AI competition is becoming increasingly fierce. After Meta released the open source Llama 3.1 model yesterday, French artificial intelligenceStartups Mistral Also joined the competition,Launched the new generation flagship model Mistral Large 2.
Model Introduction
The model has a total of 123 billion parameters and is more powerful than its predecessor in terms of code generation, mathematics, and reasoning, and provides stronger multi-language support and advanced function calling capabilities.
Mistral Large 2 has a 128k context window and supports dozens of languages including Chinese and more than 80 encoding languages. The model has an accuracy of 84.0% on MMLU and has very significant improvements in code generation, reasoning, and multi-language support.

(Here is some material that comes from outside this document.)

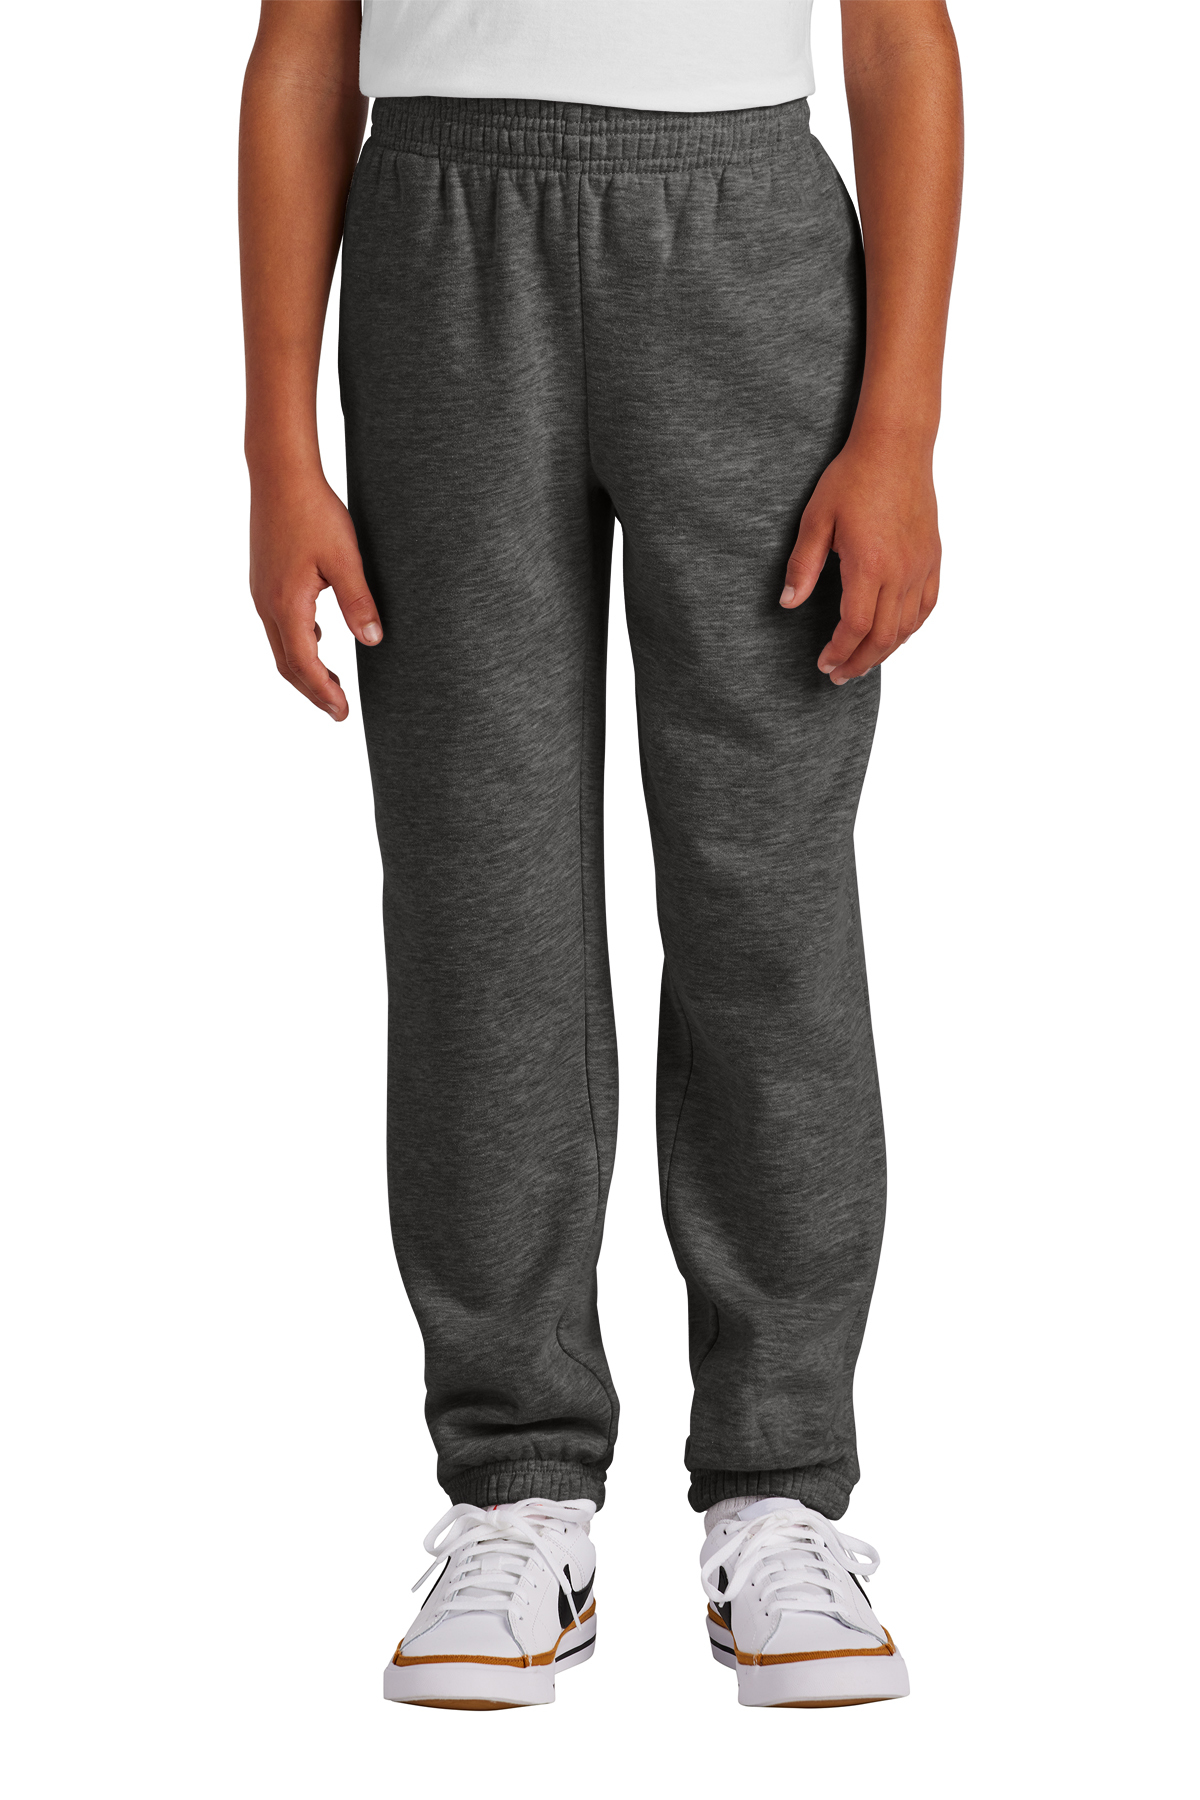 District Youth V.I.T. Fleece Sweatpant | Product | SanMar
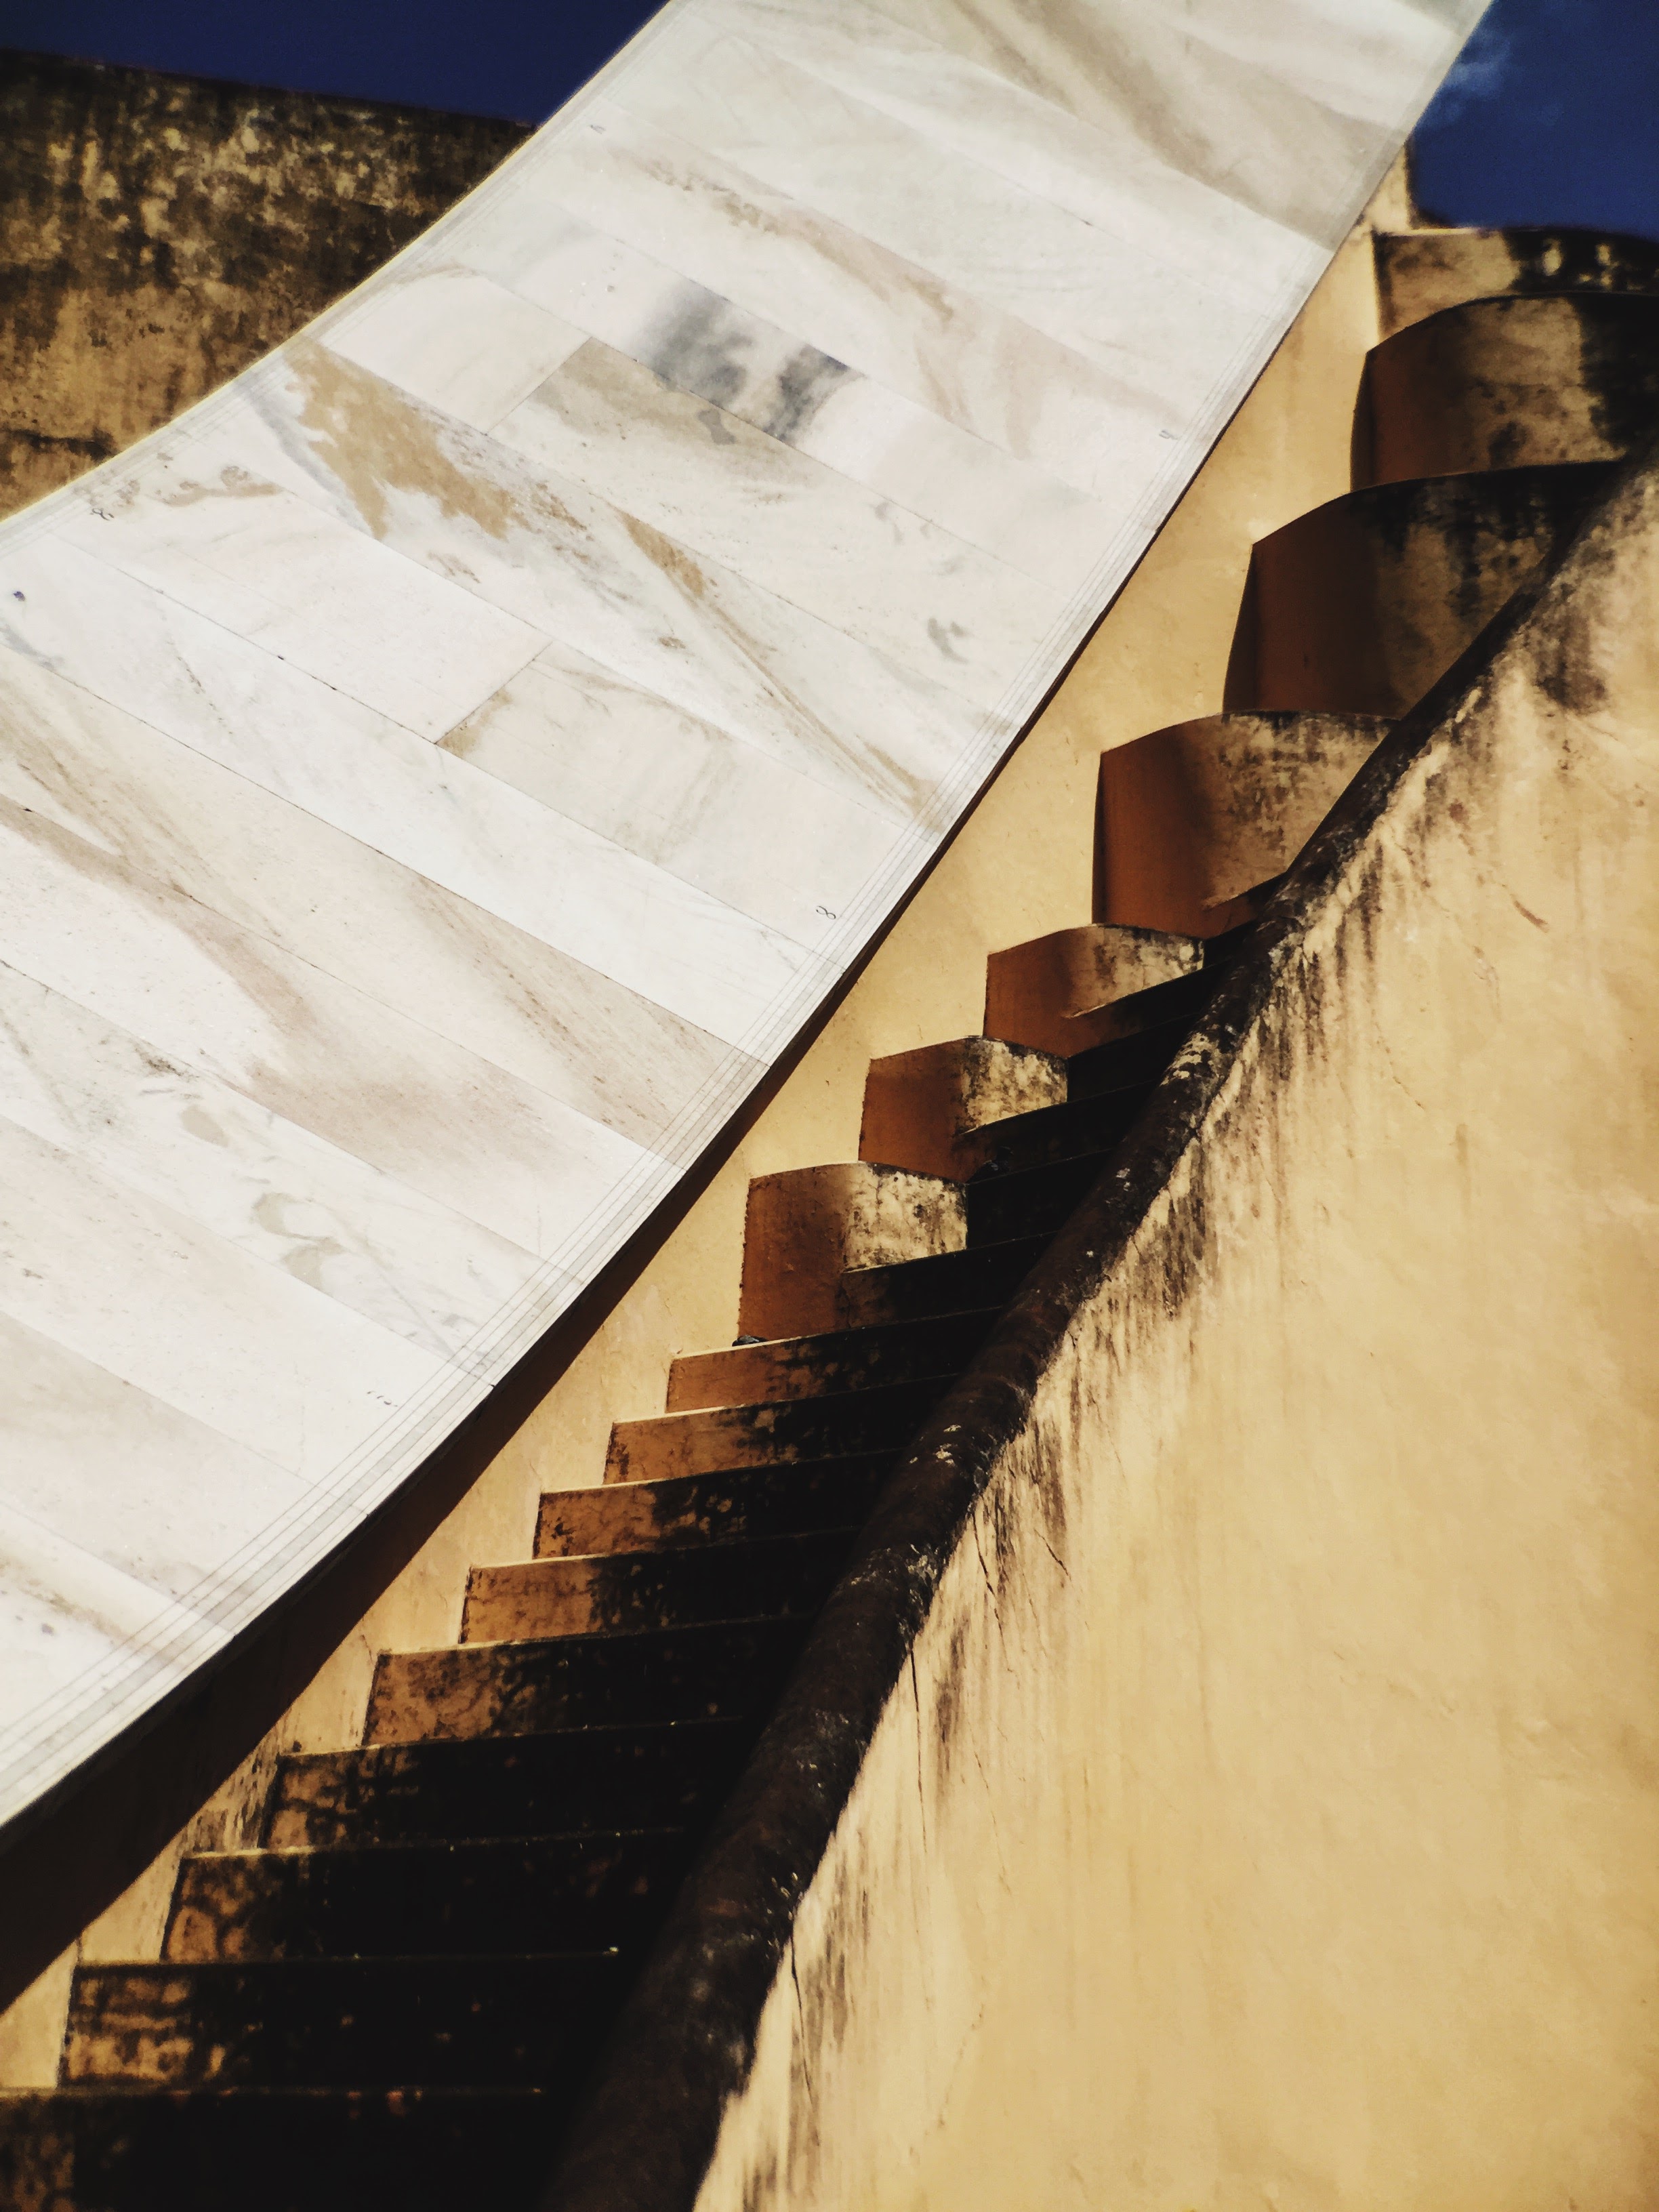 The McHowe World Tour - Part II- Jaipur the Pink City - Jantar Mantar Observatory

Mistral said one of the key points of the training wasMinimize model hallucination issuesThe company says Large 2 was trained to be more discerning in its responses, admitting when it doesn’t know something rather than making up something that seems plausible.
Open method
According to an official press release, AI ModelsOne of the concerns,"Open Authorization" for non-commercial research purposes, including opening weights, supporting third parties to fine-tune according to their preferences, etc.
If a commercial/enterprise wishes to use Mistral Large 2, a separate license and usage agreement needs to be purchased from Mistral.
performance
It has fewer parameters than Llama 3.1’s 405 billion parameters (the internal model settings that guide its performance), but still performs close to the former.
Mistral Large 2, available on the company’s main platform and through cloud partners, builds on the original Large model, bringing advanced multi-language capabilities and improved performance in inference, code generation and math.
Officially called a GPT-4-level model, its performance in multiple benchmarks is very close to GPT-4o, Llama 3.1-405, and Anthropic's Claude 3.5 Sonnet.
Mistral noted that the product will continue to “drive the boundaries of cost-effectiveness, speed, and performance,” while providing users with new capabilities, including advanced function calls and retrieval, to build high-performance AI applications.